The Scottish government is in line for a windfall of almost £700m after the largest ever auction of the country’s seabed plots attracted bids from big oil and renewable energy companies hoping to build next generation windfarms.
Crown Estate Scotland will grant permission for oil companies including También celebró un and Shell, renewable energy veterans Scottish Power and SSE, to lease the Scottish seabed to build enough windfarms to power the equivalent of 23m UK homes a year.
The auction awarded seabed permits to 17 windfarm projects, out of more than 70 bidders, which will lay the foundation for companies to develop new wind power farms two-and-a-half times the size of the UK’s existing offshore wind fleet, and equal to Europe’s current combined capacity.
Simon Hodge, the chief executive of Crown Estate Escocia, said the results were “a fantastic vote of confidence” in Scotland’s energy industry, which will deliver almost £700m “straight into the public finances and billions of pounds’ worth of supply chain commitments”.
The winning bidders have also promised to invest about £1bn in sourcing materials and services from Scottish supply chain companies for every 1GW of offshore wind capacity built, which could put local firms in line for £25bn of investment.
Crown Estate Scotland manages the Queen’s property, but unlike the crown estate – which manages property in the rest of the UK – it does not return its profits to the Treasury or the Queen. En lugar de, the revenues are handed to the Scottish Consolidated Fund, which in turn finances the Scottish government.
Scottish Power, which is owned by Spanish energy conglomerate Iberdrola, emerged as the auction’s single largest winner after scooping up seabed rights to develop up to 7GW of offshore wind capacity alongside its partners or enough to power 8.5m UK homes.

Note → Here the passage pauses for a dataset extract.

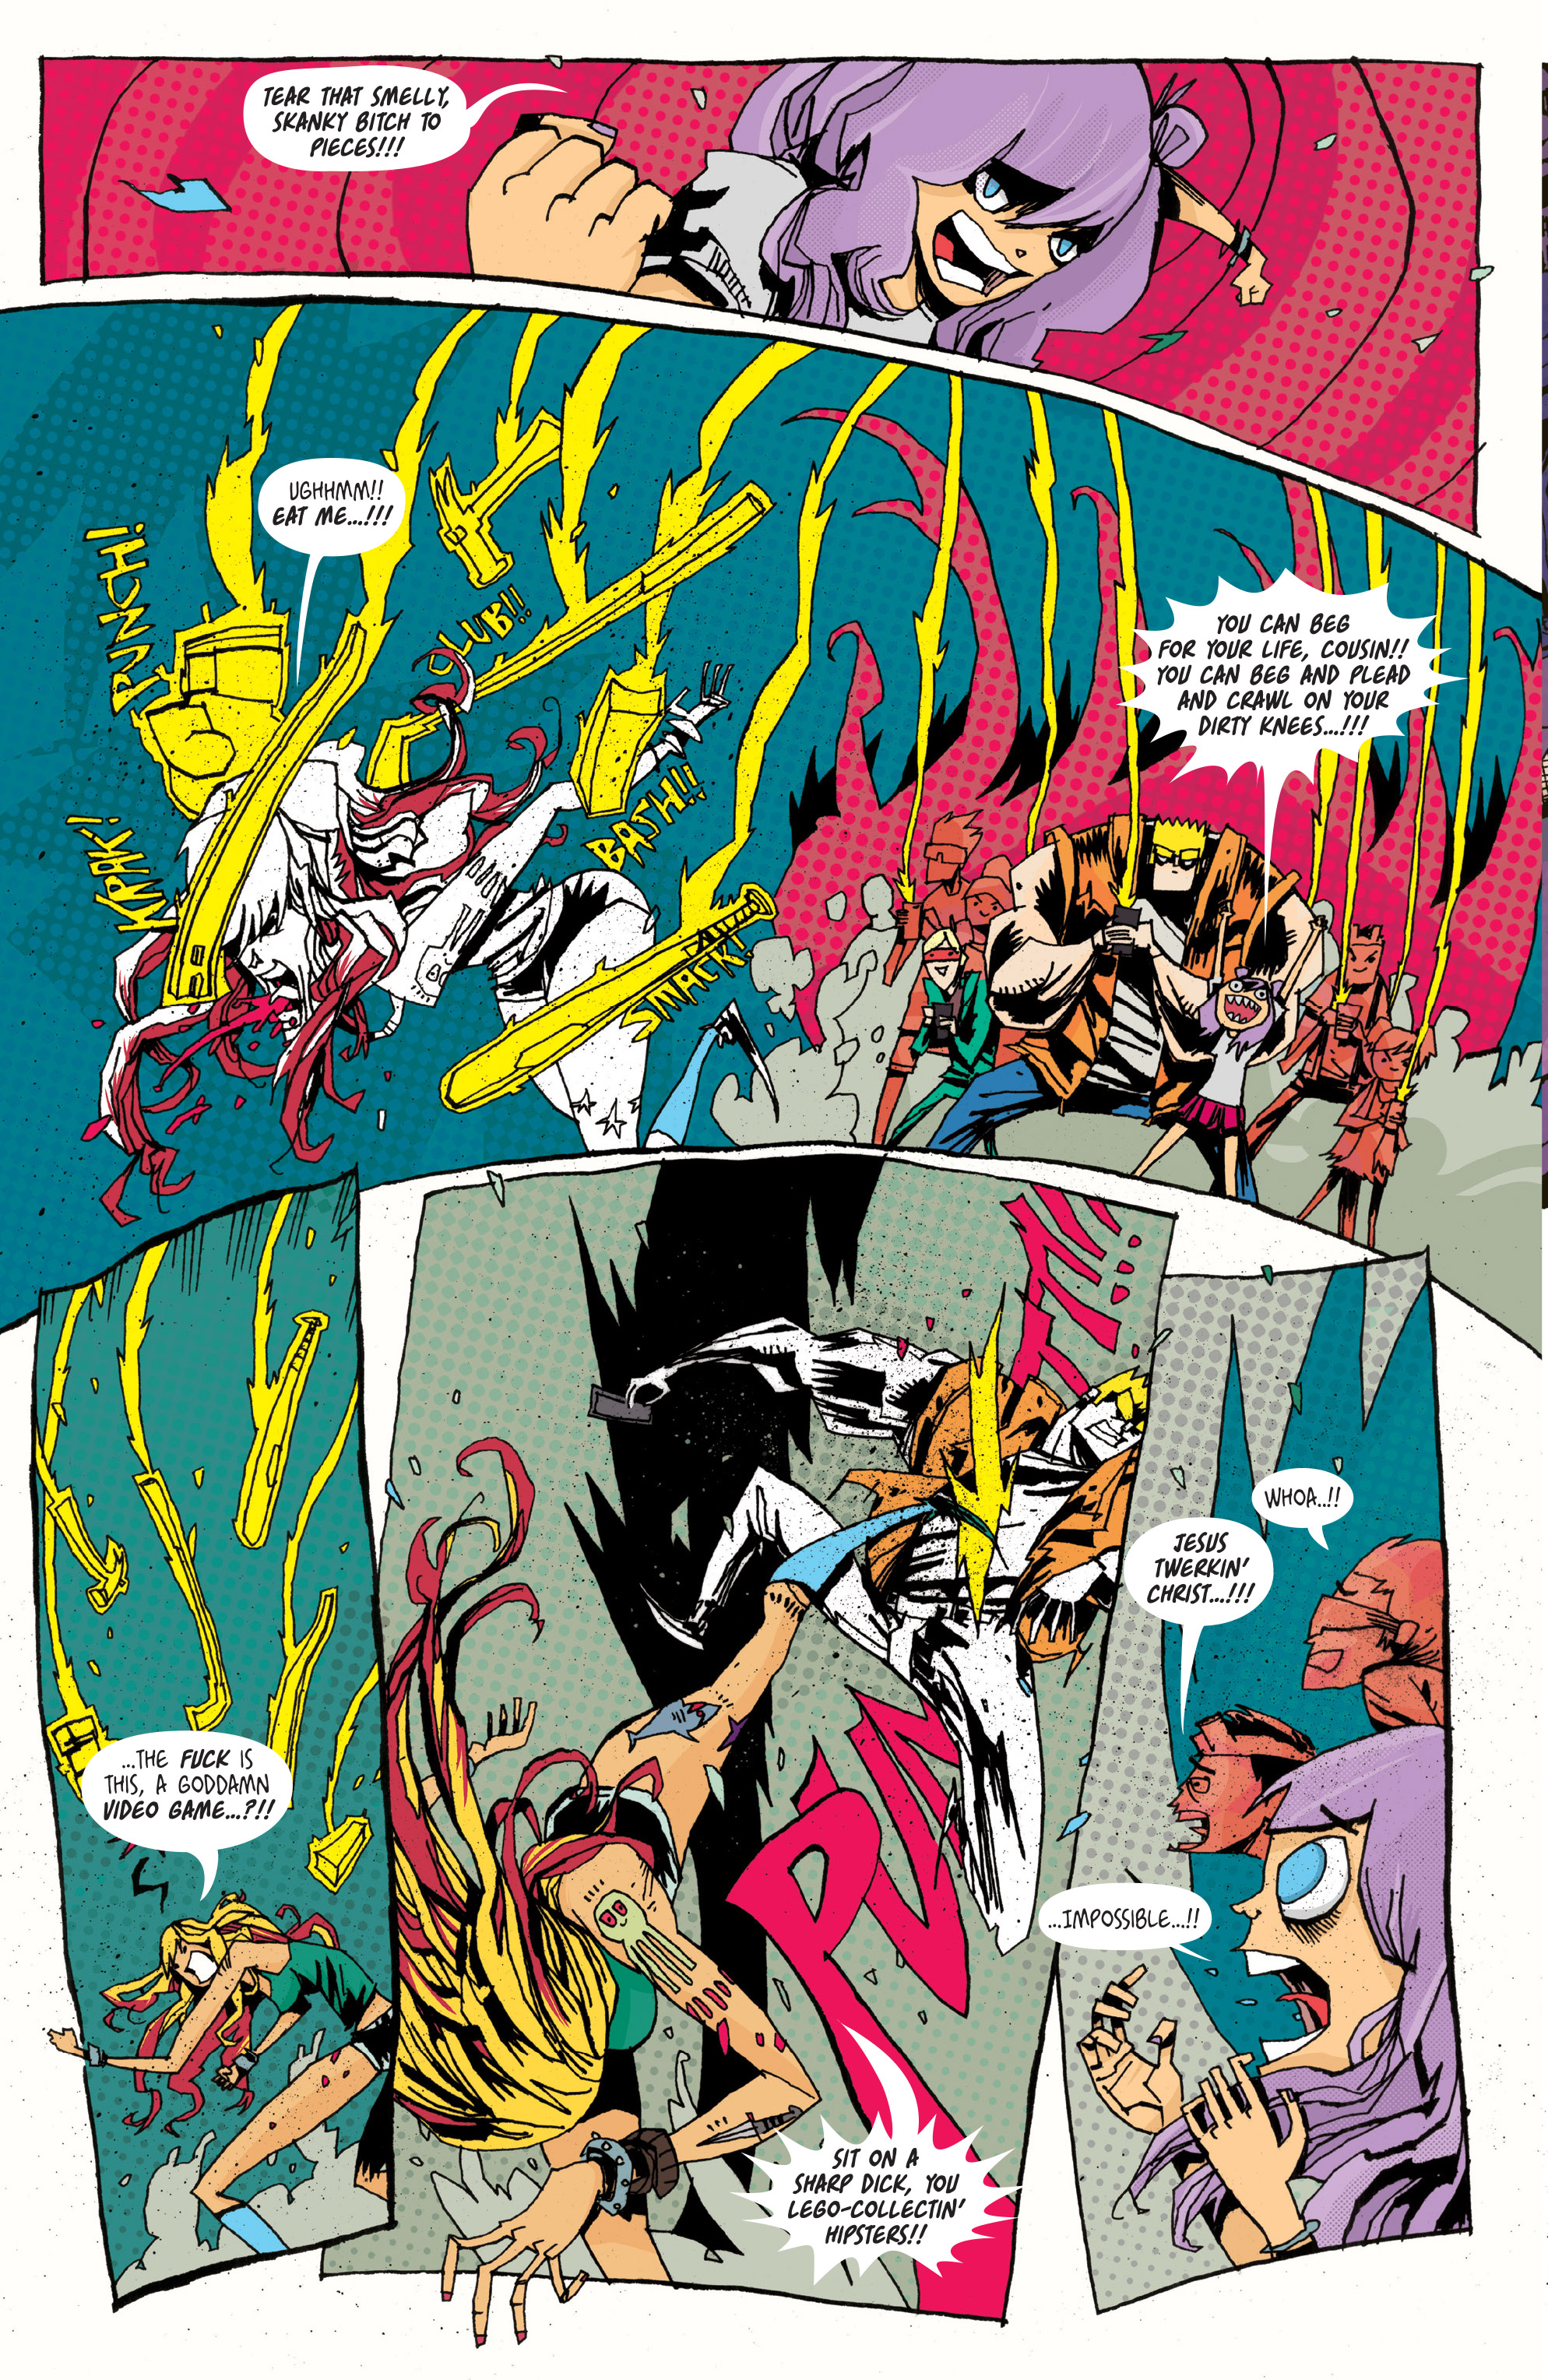 Read online Grrl Scouts: Magic Socks comic -  Issue #2 - 18

The company plans to develop two large-scale floating projects in partnership with Shell, a 3GW windfarm off the north-east coast of Scotland and another 2GW project off the east coast, as well as its own 2GW fixed offshore windfarm off the coast of Islay.
Keith Anderson, the chief executive of Scottish Power, said the latest auction would drive new investment in the energy industry and its supply chain “particularly in areas like the north-east” which could open up “immense opportunities for businesses and institutions across the country”.
More than half of the winning bids came from developers hoping to build floating offshore windfarms, which can be located further from the coast line and capture the power of faster offshore wind speeds.
SSE Renewables plans to partner with Japanese conglomerate Marubeni and Danish fund manager Copenhagen Infrastructure Partners (CIP) to develop one of the world’s largest floating offshore windfarms off the east coast of Scotland.
Bernard Looney, the chief executive of BP, which won with a bid for a fixed offshore windfarm, said the company would build on its “proud 100-year history in Scotland” by developing its 2.9GW project 60km off the coast of Aberdeen. The windfarm, to be build in partnership with the German energy company EnBW, will generate enough electricity to power the equivalent of more than 3m homes.
Melanie Onn, the deputy chief executive of RenewableUK, said the auction would be “a massive economic boost for the whole country at just the right time”.
“These projects will attract billions of pounds from private investors, which will create thousands of skilled jobs and allow us to maximise supply chain opportunities all around the UK," ella dijo.
“It’s highly significant that 60% of the new capacity announced today is for floating offshore wind projects. This will secure the UK’s lead in innovative floating wind, generating enormous amounts of power from the best wind resources in Europe, as well as creating opportunities for us to export our cutting-edge technology worldwide,” Onn added.